# [WORK INSTRUCTIONS]
Retype the listing exactly; omit pictures.

# [RAW DATA]
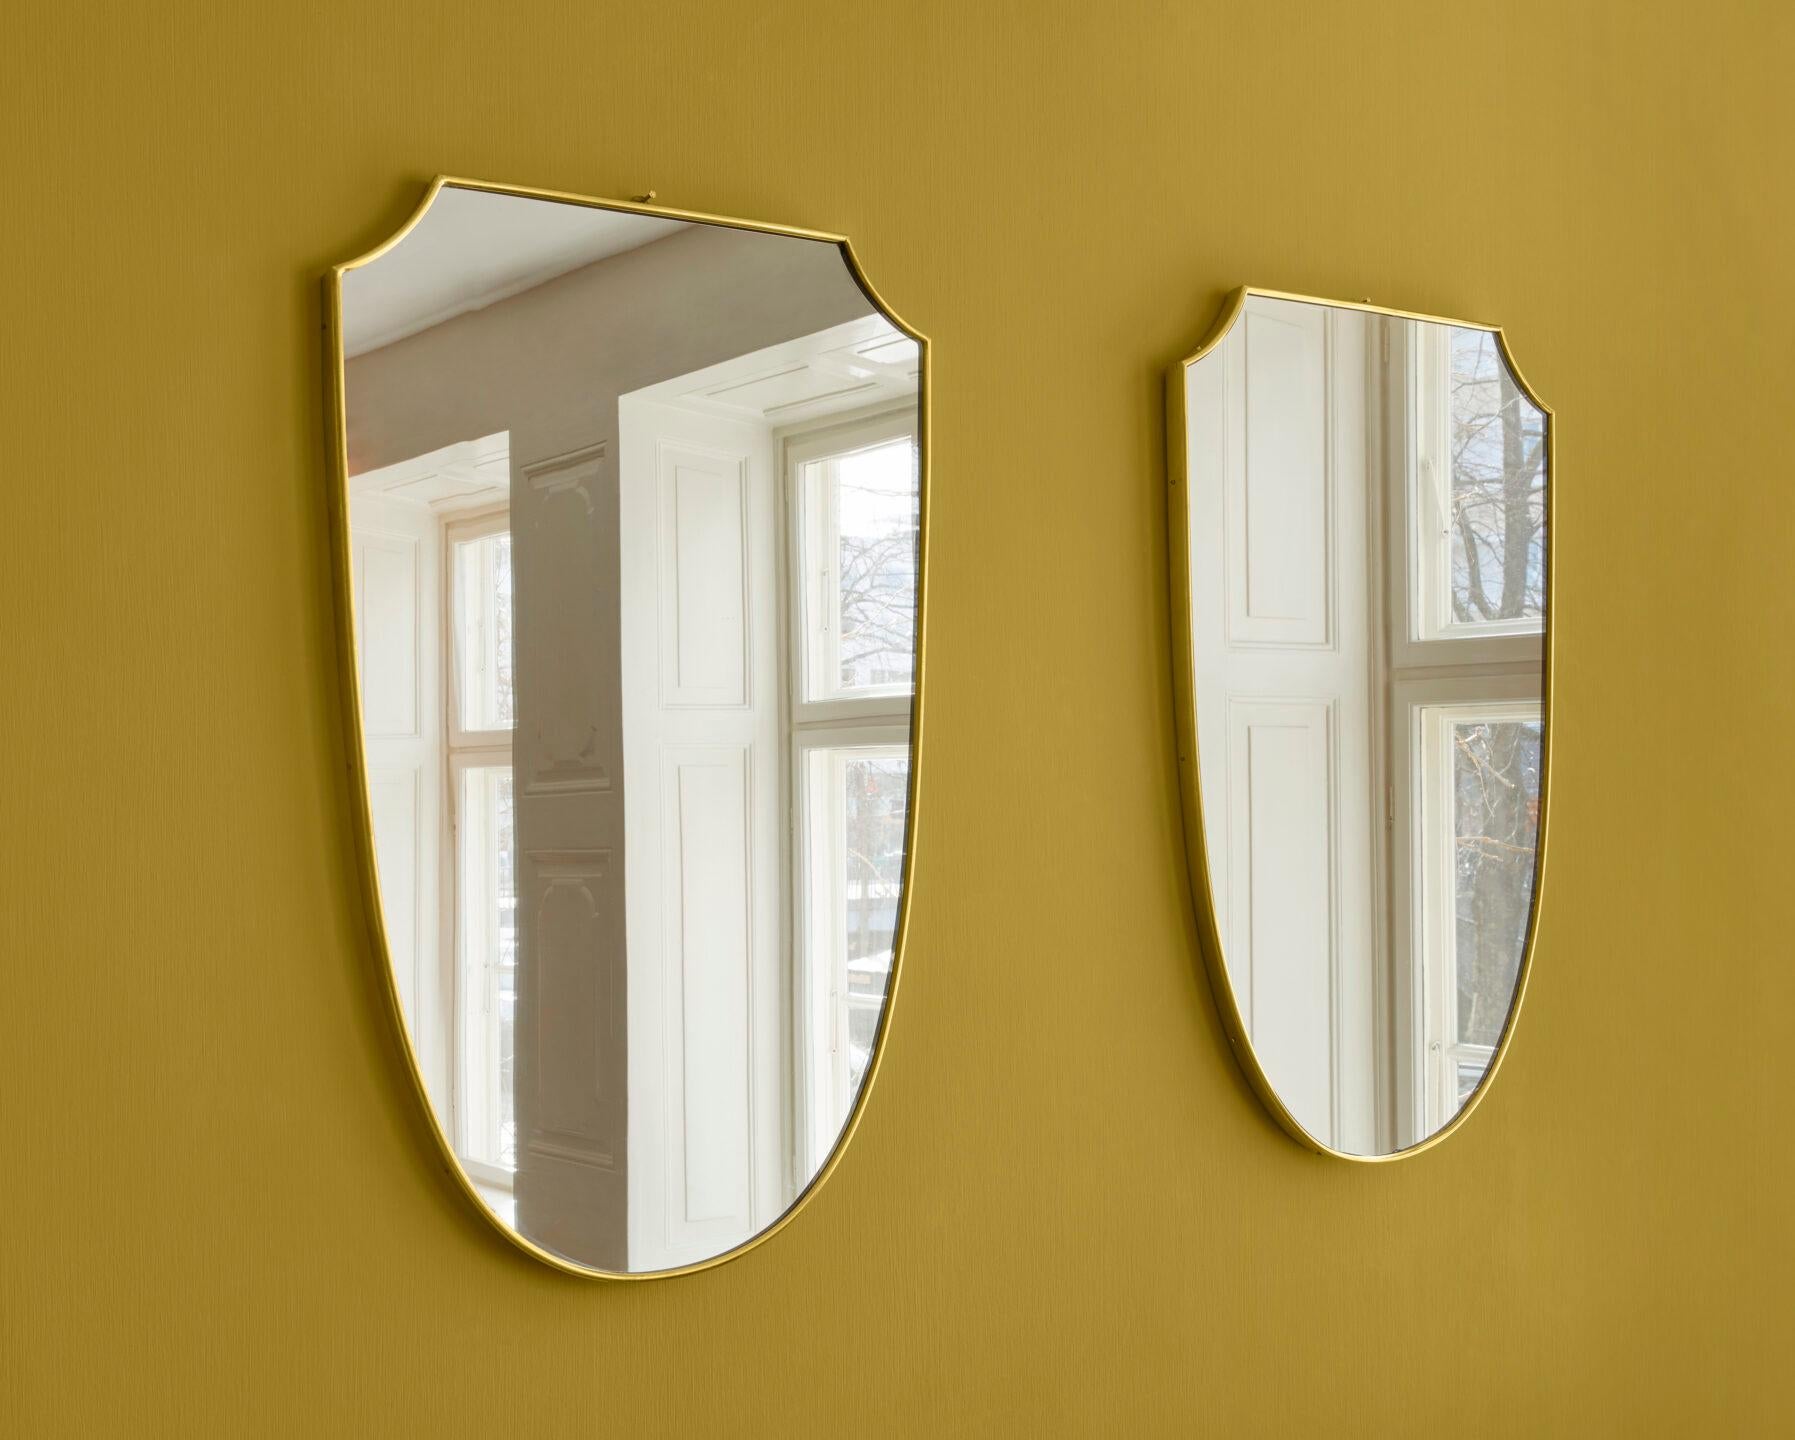 Italy, 1950s

A pair of brass mirrors.

Measures: H 75 x W 48 x D 2.5 cm.
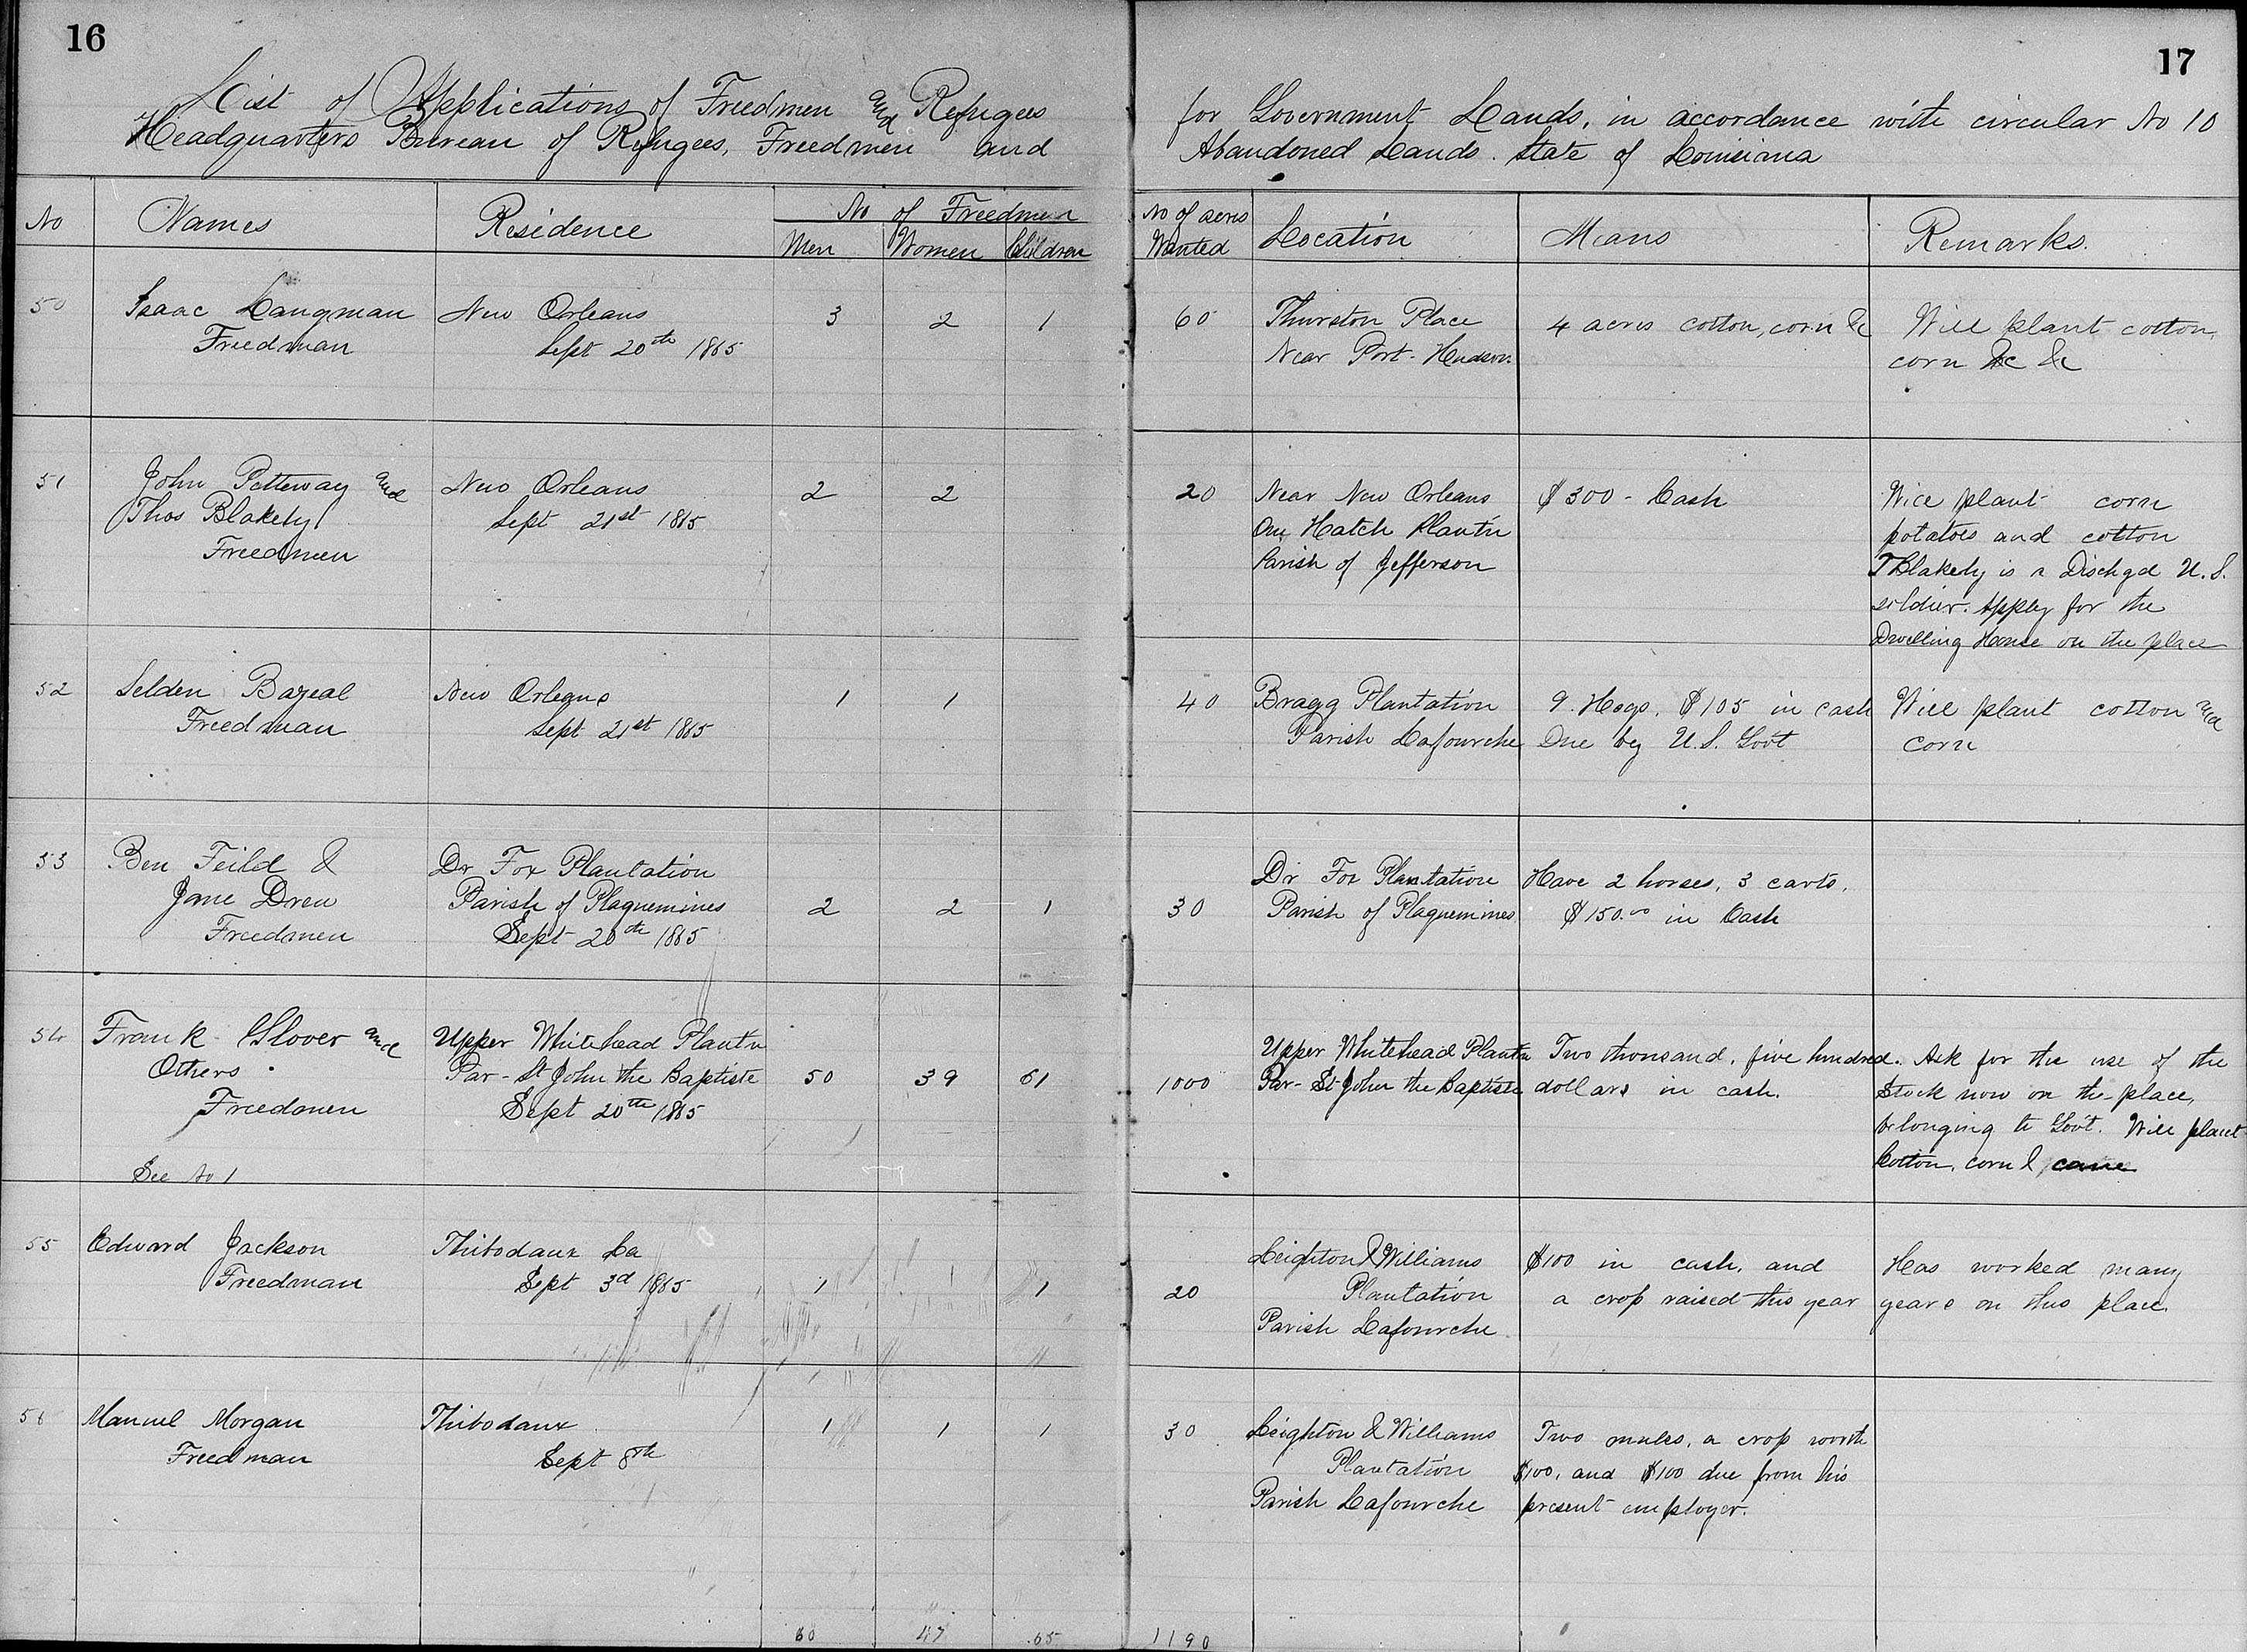 A ledge of people who applied for land with the Freedmen's Bureau.

# [OUTPUT OF THE TASK]
 Italy, 1950s

A pair of brass mirrors.

Measures: H 75 x W 48 x D 2.5 cm.
 A ledge of people who applied for land with the Freedmen's Bureau.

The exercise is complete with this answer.